A Walkthrough Example of torch.compile with IREE-Turbine
In this post, we’ll show some demo code that you can easily reproduce with the following environment setup.
Environment
Required Python packages:
To install the Python packages, run the following commands:
pip install torch==2.4.0
pip install iree-turbine==2.4.0
What is torch.compile?
torch.compile is a JIT (Just-In-time) compiler that optimizes arbitrary Python functions or models by using a specified backend.
Basic Usage
To optimize a torch.nn.Module, we need to wrap it with a torch.compile call.
import torch
class LinearModule(torch.nn.Module):
def __init__(self, in_features, out_features):
super().__init__()
self.weight = torch.nn.Parameter(torch.randn(in_features, out_features))
self.bias = torch.nn.Parameter(torch.randn(out_features))
def forward(self, input):
return (input @ self.weight) + self.bias
linear_module = LinearModule(4, 3)
# Compile the module
optimized_linear_module = torch.compile(linear_module)

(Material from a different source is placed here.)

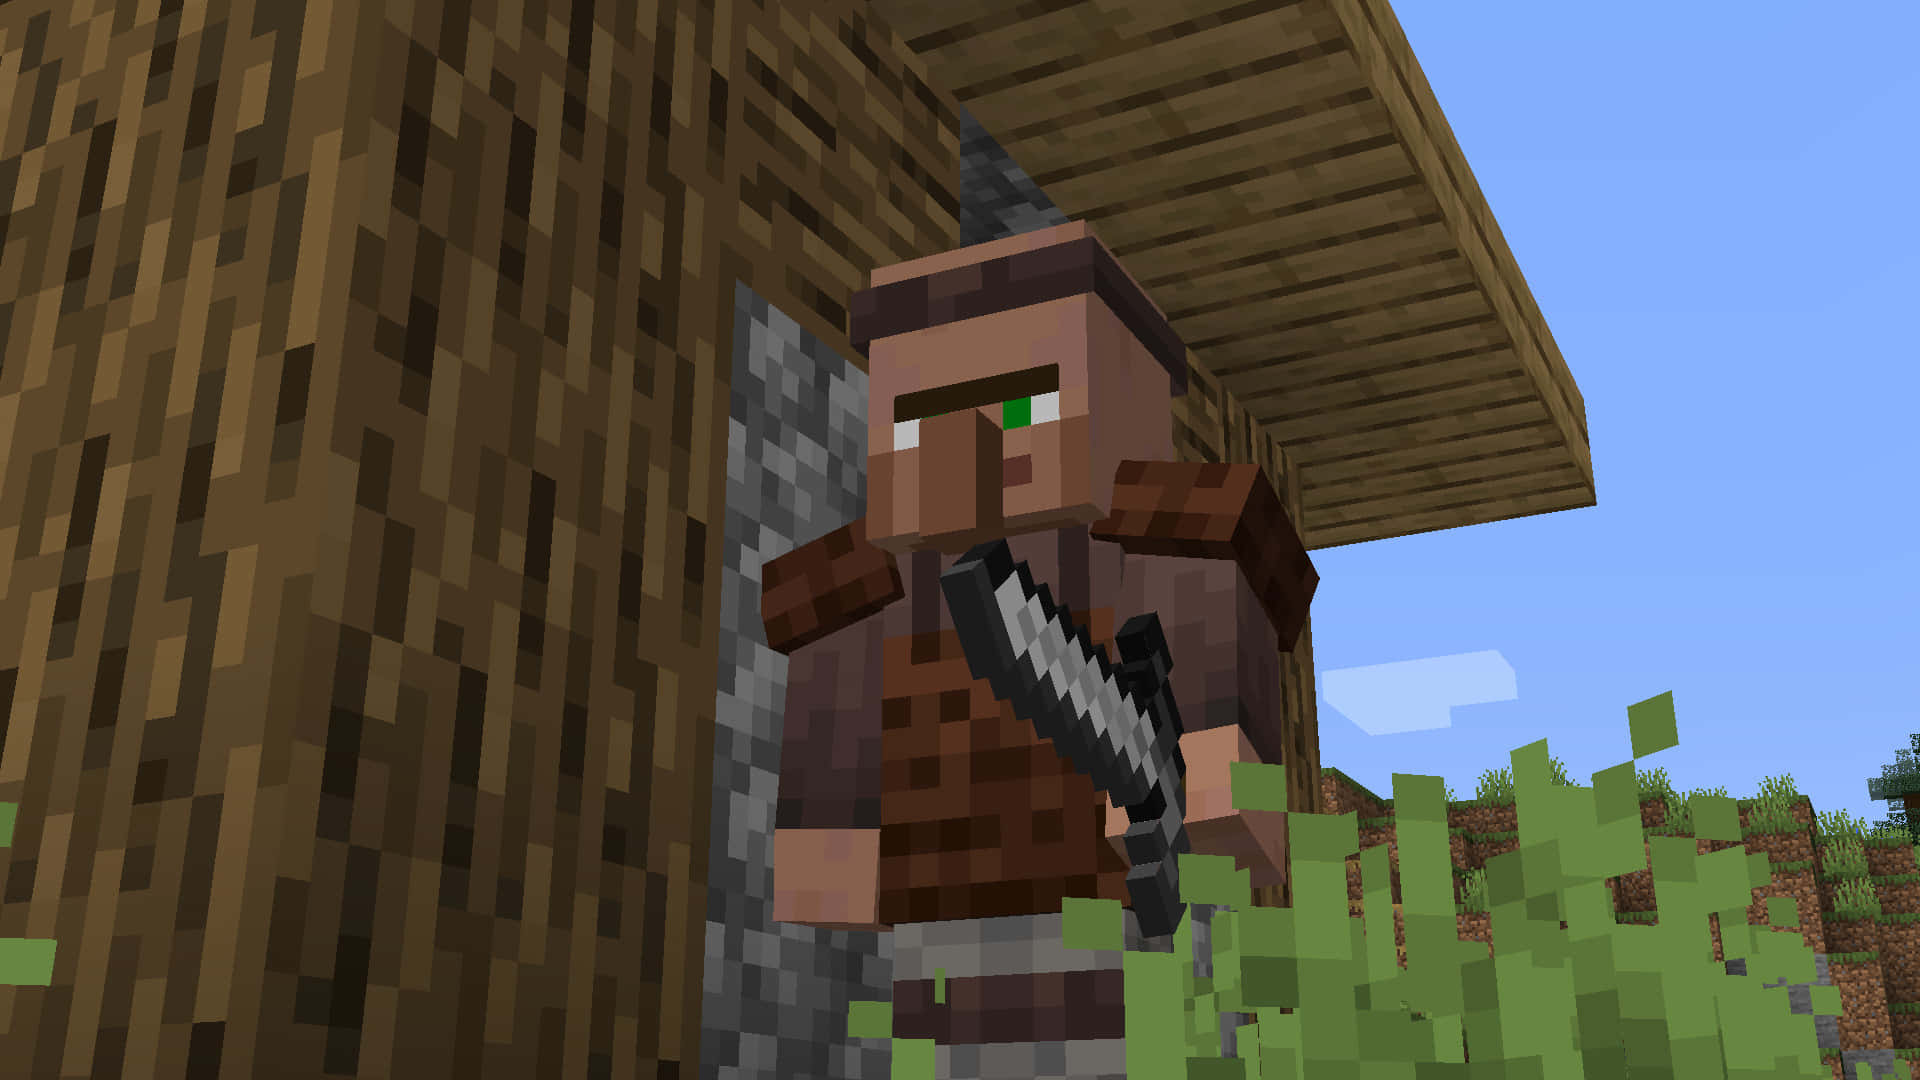 Friendly Minecraft Villager offers a trade in a scenic village Wallpaper

How does torch.compile work?

TorchDynamo
TorchDynamo is responsible for JIT compiling arbitrary Python code into FX graphs, which can then be further optimized.

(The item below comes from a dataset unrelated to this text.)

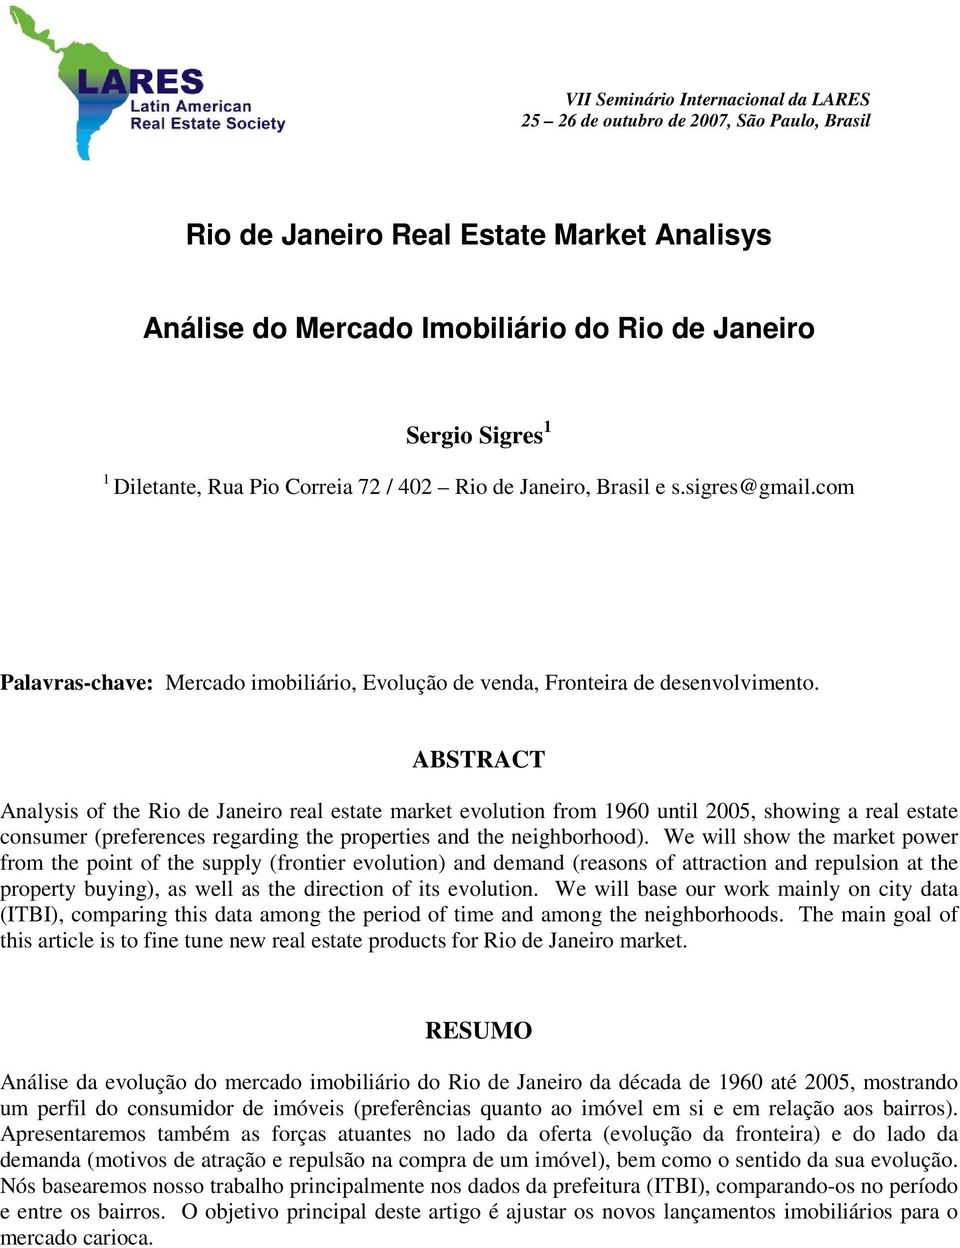 ABSTRACT Analysis of the Rio de Janeiro real estate market evolution from 1960 until 2005, showing a real estate consumer (preferences regarding the properties and the neighborhood).
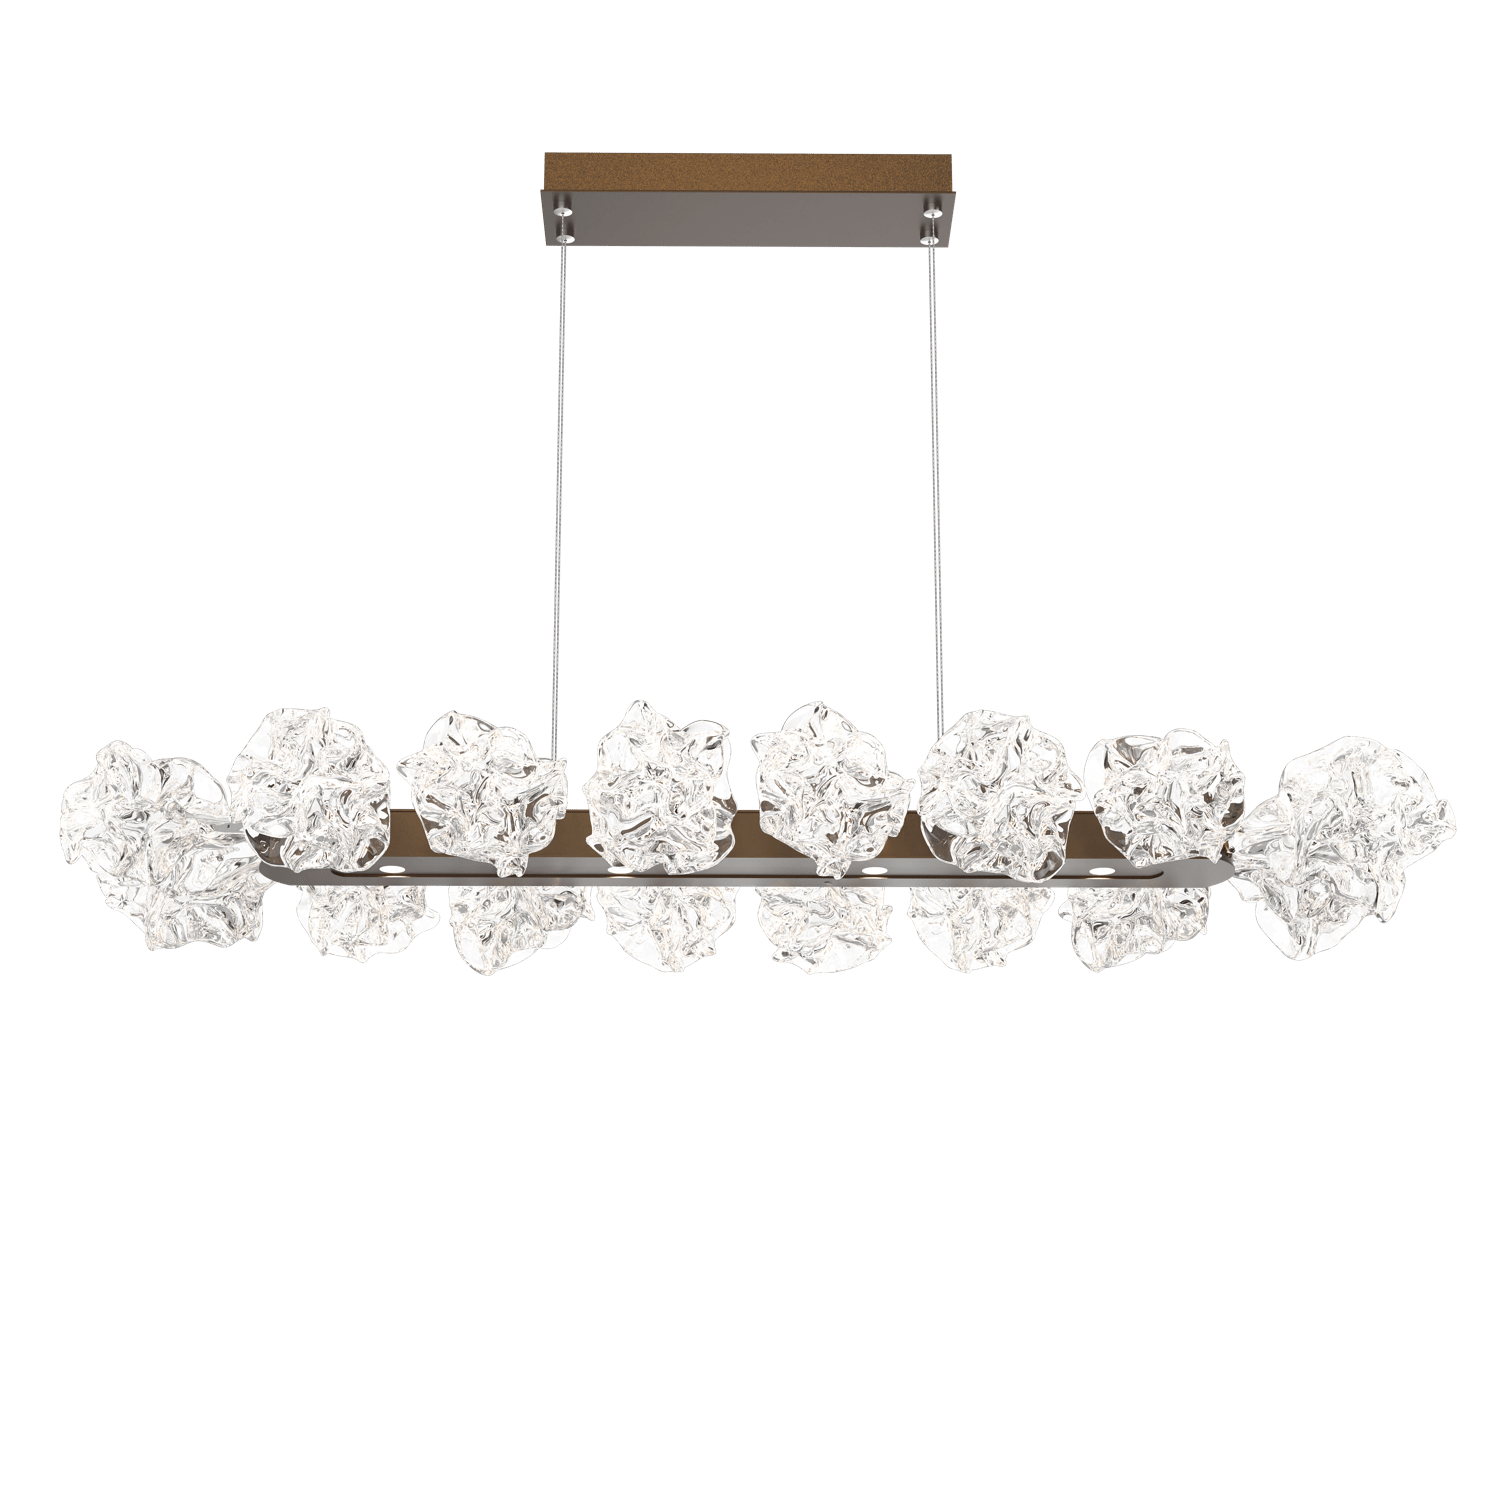 PLB0059-48-FB-Hammerton-Studio-Blossom-48-inch-linear-chandelier-with-flat-bronze-finish-and-clear-handblown-crystal-glass-shades-and-LED-lamping

TorchDynamo will capture the bytecode before PVM execute them using Frame Evaluation API (PEP-0523) and then extracts FX graphs by analyzing the bytecode during runtime and detecting calls to PyTorch operations.

FX
FX is a toolkit for developers to use to transform torch.nn.Module instances. FX consists of three main components: a symbolic tracer, an intermediate representation, and Python code generation.
import torch
class LinearModule(torch.nn.Module):
def __init__(self, in_features, out_features):
super().__init__()
self.weight = torch.nn.Parameter(torch.randn(in_features, out_features))
self.bias = torch.nn.Parameter(torch.randn(out_features))
def forward(self, input):
return (input @ self.weight) + self.bias
linear_module = LinearModule(4, 3)
from torch.fx import symbolic_trace
# Symbolic tracing frontend - captures the semantics of the module
symbolic_traced : torch.fx.GraphModule = symbolic_trace(module)

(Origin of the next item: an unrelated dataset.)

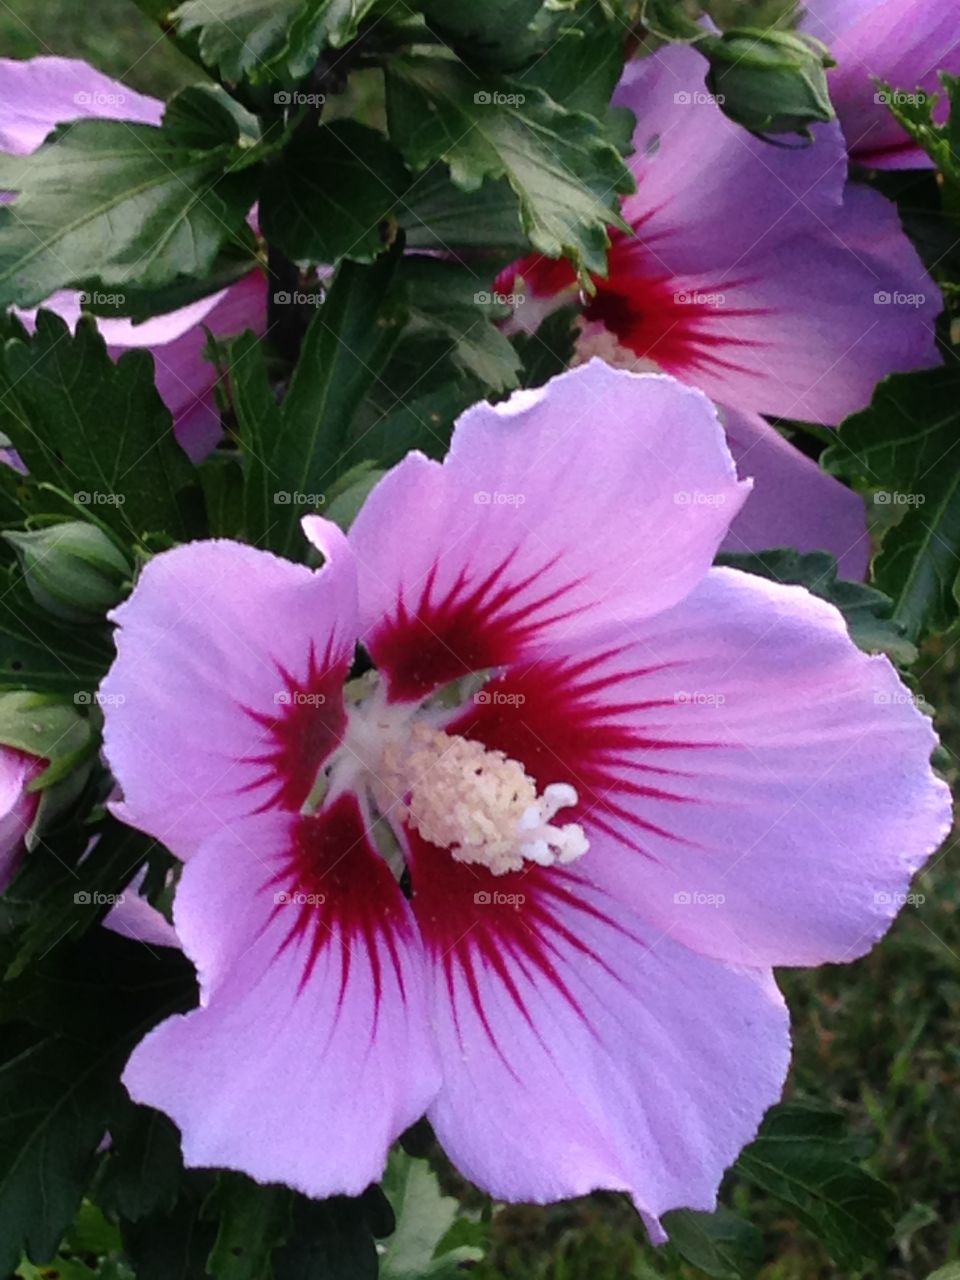 Rose of Sharon. Splashes of color in a beautiful flower

# FX Graph IR - Graph representation
print(symbolic_traced.graph)
# Code generation - valid Python code matching the graph
print(symbolic_traced.code)
The FX graph IR (torch.fx.Graph):
graph():
%input_1 : [num_users=1] = placeholder[target=input]
%weight : [num_users=1] = get_attr[target=weight]
%matmul : [num_users=1] = call_function[target=operator.matmul](args = (%input_1, %weight), kwargs = {})
%bias : [num_users=1] = get_attr[target=bias]
%add : [num_users=1] = call_function[target=operator.add](args = (%matmul, %bias), kwargs = {})
return add
The Python code:
def forward(self, input):
input_1 = input
weight = self.weight
matmul = input_1 @ weight; input_1 = weight = None
bias = self.bias
add = matmul + bias; matmul = bias = None
return add
AOTAutograd
AOTAutograd will generate backward computation graph from forward computation graph.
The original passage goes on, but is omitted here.